Digital photography urban gaming concept revealed

Taking the concept of First Person Shooters away from the PC and into reality, mobile phone users in Seoul are participating in urban street battles where the only shots fired are from mobile phone cameras.

The strange but seemingly compelling new gameplay concept involves players displaying their mobile phone number in pride of place on the front and back of their torso, before hitting the densely populated city streets of Seoul.

A moderator will send an SMS message detailing the number of players and signalling the start of the game, and it then becomes a running battle as players dart through busy streets, hide in alleyways and busy shops, stalking through the city trying to photograph the 'enemy' whilst avoiding being 'shot' themselves.

Each time a digital photograph of another participant is taken, players send the picture via SMS to the 'shoot me if you can' website. If someone manages to photograph all opponents, they are declared the winner. Similarly, if they are photographed by all other participants, it's game over.

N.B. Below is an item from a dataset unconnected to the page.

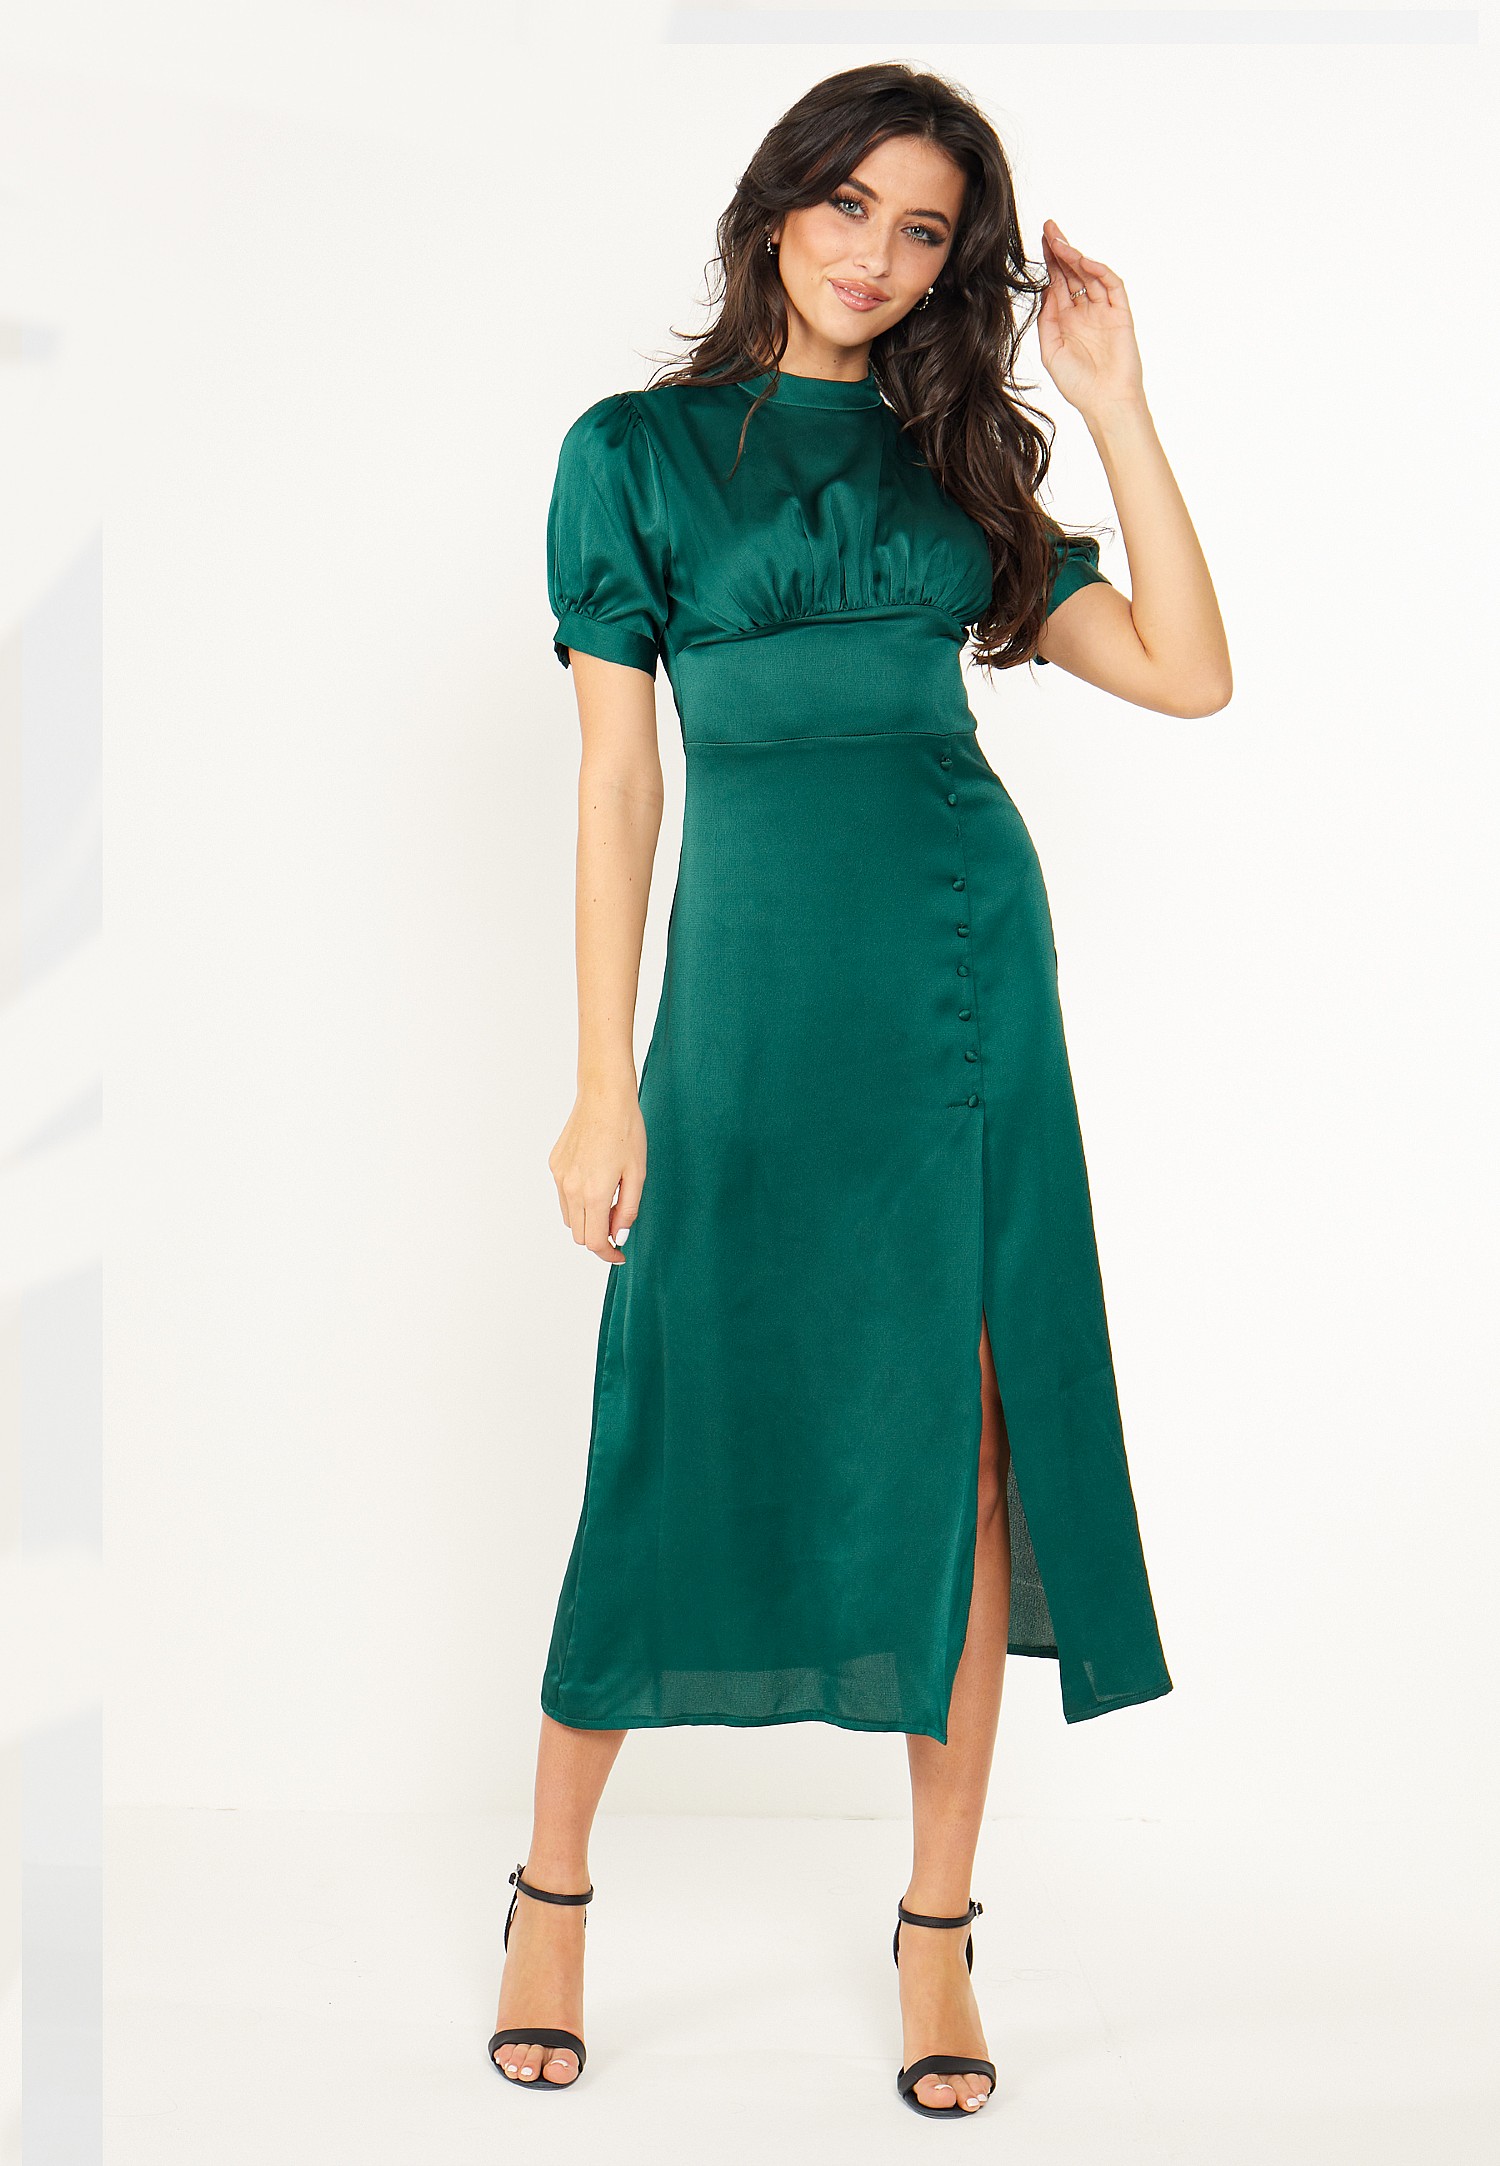 ANGELEYE Satin Touch Midi Dress with Short Sleeves in Emerald Green

The concept behind the game stems from the idea of community gaming, where online gamers form clans and build team strategies, meeting up in the virtual world to plan their attack on their opponents. Shoot me if you can takes this idea back into the real world, as players meet up in real life, connect and communicate with mobile technology and use the real city streets as a playground for the imagination.

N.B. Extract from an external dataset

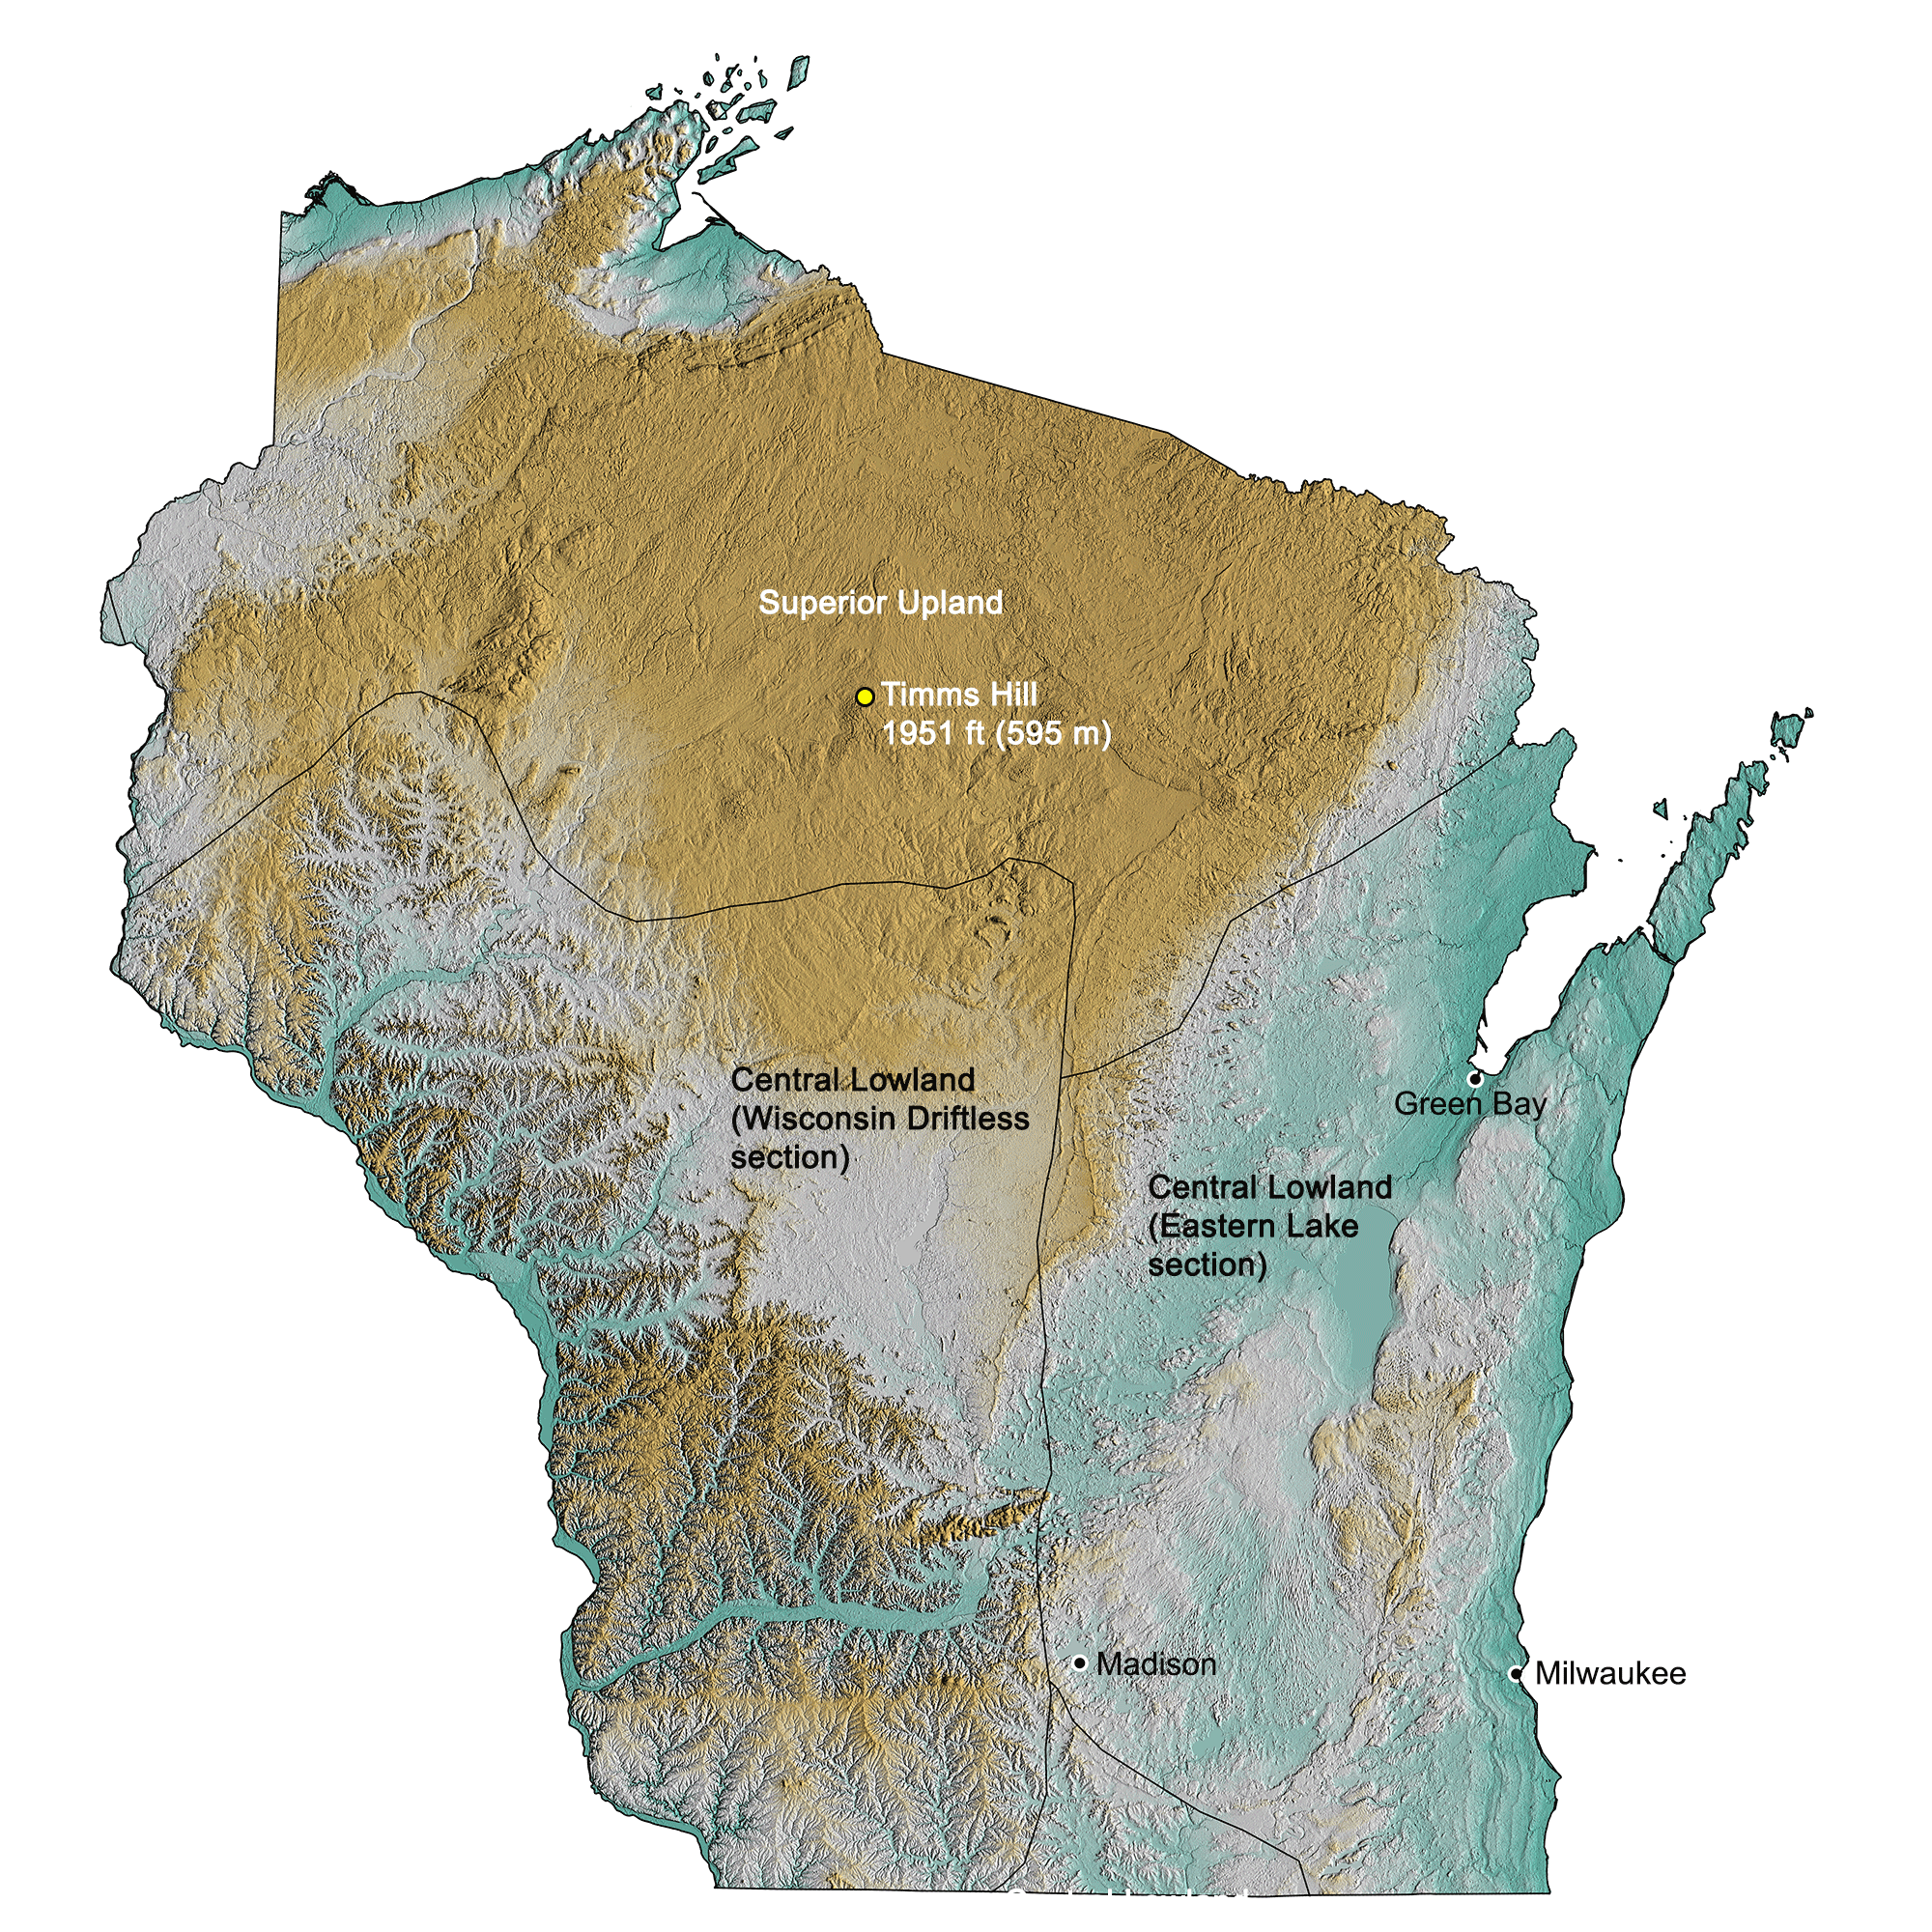 Topographic map of Wisconsin.

There is also a more artistic rationale for the game too, as players are often dashing through the streets to avoid being 'shot' and the pictures are normally blurred and include random passers-by and architecture from the bustling city. All the photographs are uploaded to the website, and can be viewed by anyone as a modernistic art form, using mobile phone cameras as a medium of expression and forming a continually updated montage of Seoul as seen by its inhabitants.

The unique interactive art concept, combining videogame ideas with the technology of mobile phones as an artistic expression reaches further than 'the game'. A collection of photos from 'shoot me if you can' will be on display in a series of exhibitions as part of the Urban Play and Locative Media Symposium.

Examples of games already played, building a frantic and fragmented picture of city life in Seoul can be found at www.flickr.com/photos/shootmegame.